Problem

Given an Android 3x3 key lock screen and two integers m and n, where 1 ≤ m ≤ n ≤ 9, count the total number of unlock patterns of the Android lock screen, which consist of minimum of m keys and maximum n keys.

Rules for a valid pattern:

  1. Each pattern must connect at least m keys and at most n keys.
  2. All the keys must be distinct.
  3. If the line connecting two consecutive keys in the pattern passes through any other keys, the other keys must have previously selected in the pattern. No jumps through non selected key is allowed.
  4. The order of keys used matters.

Explanation:

| 1 | 2 | 3 |
| 4 | 5 | 6 |
| 7 | 8 | 9 |

Invalid move: 4 - 1 - 3 - 6 Line 1 - 3 passes through key 2 which had not been selected in the pattern.

Invalid move: 4 - 1 - 9 - 2 Line 1 - 9 passes through key 5 which had not been selected in the pattern.

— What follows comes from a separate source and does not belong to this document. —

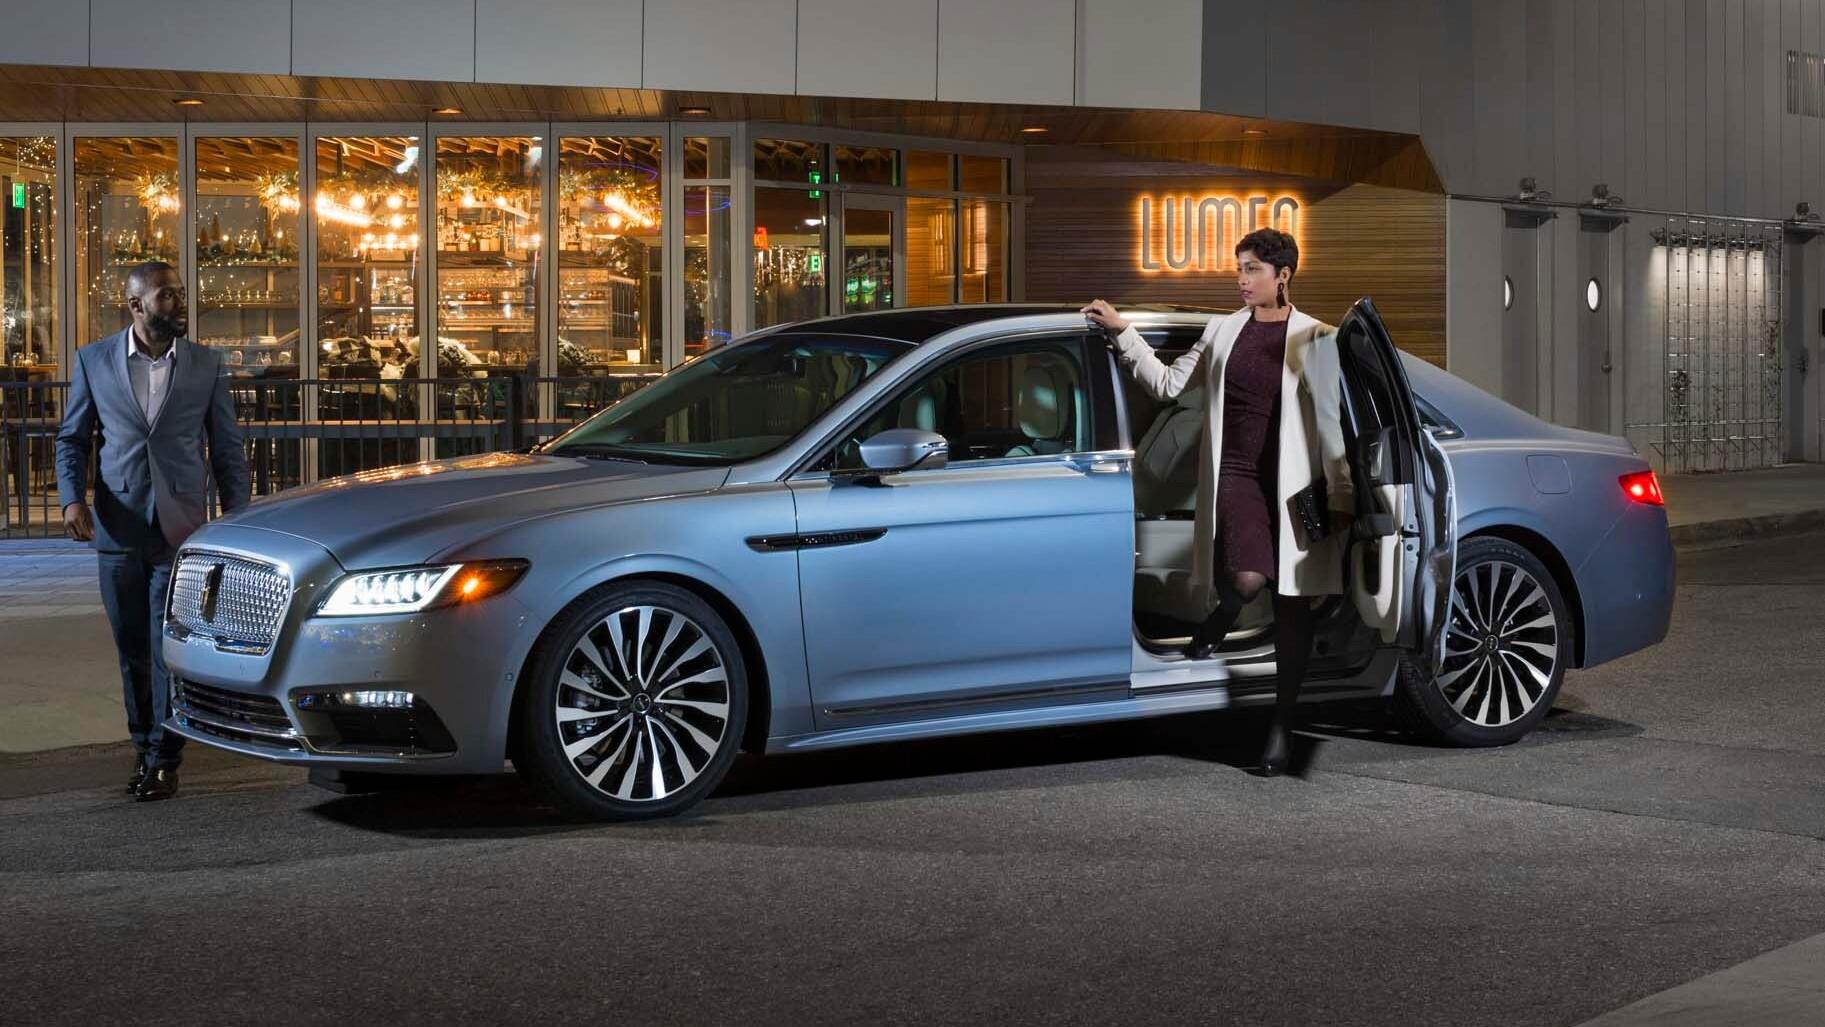 2019 Lincoln Continental Coach Door Edition

Valid move: 2 - 4 - 1 - 3 - 6 Line 1 - 3 is valid because it passes through key 2, which had been selected in the pattern

Valid move: 6 - 5 - 4 - 1 - 9 - 2 Line 1 - 9 is valid because it passes through key 5, which had been selected in the pattern.

Examples

Example 1

Input: m = 1, n = 1
Output: 9

Solution

Method 1 - Using DFS

To solve this problem, we can use a depth-first search (DFS) approach to explore all possible patterns on the Android lock screen while adhering to the rules for a valid pattern. To efficiently manage the paths and avoid invalid jumps, we’ll use a skip array to keep track of intermediate keys that must be passed through.

Steps

Here are the steps:

  1. Grid and Skip Array Setup:
    • Represent the 3x3 grid as numbers 1 to 9.
    • Use a skip array where skip[i][j] indicates the key that must be passed through when moving from i to j.
  2. DFS Traversal:
    • Implement DFS to explore all possible patterns starting from each key.
    • Use a visited array to ensure each key is visited only once in a given pattern.
    • Track patterns of length from m to n.
  3. Count Valid Patterns:
    • Increment the count when the current pattern length is between m and n.

Skip Array

The skip array keeps track of mandatory intermediate keys for each pair.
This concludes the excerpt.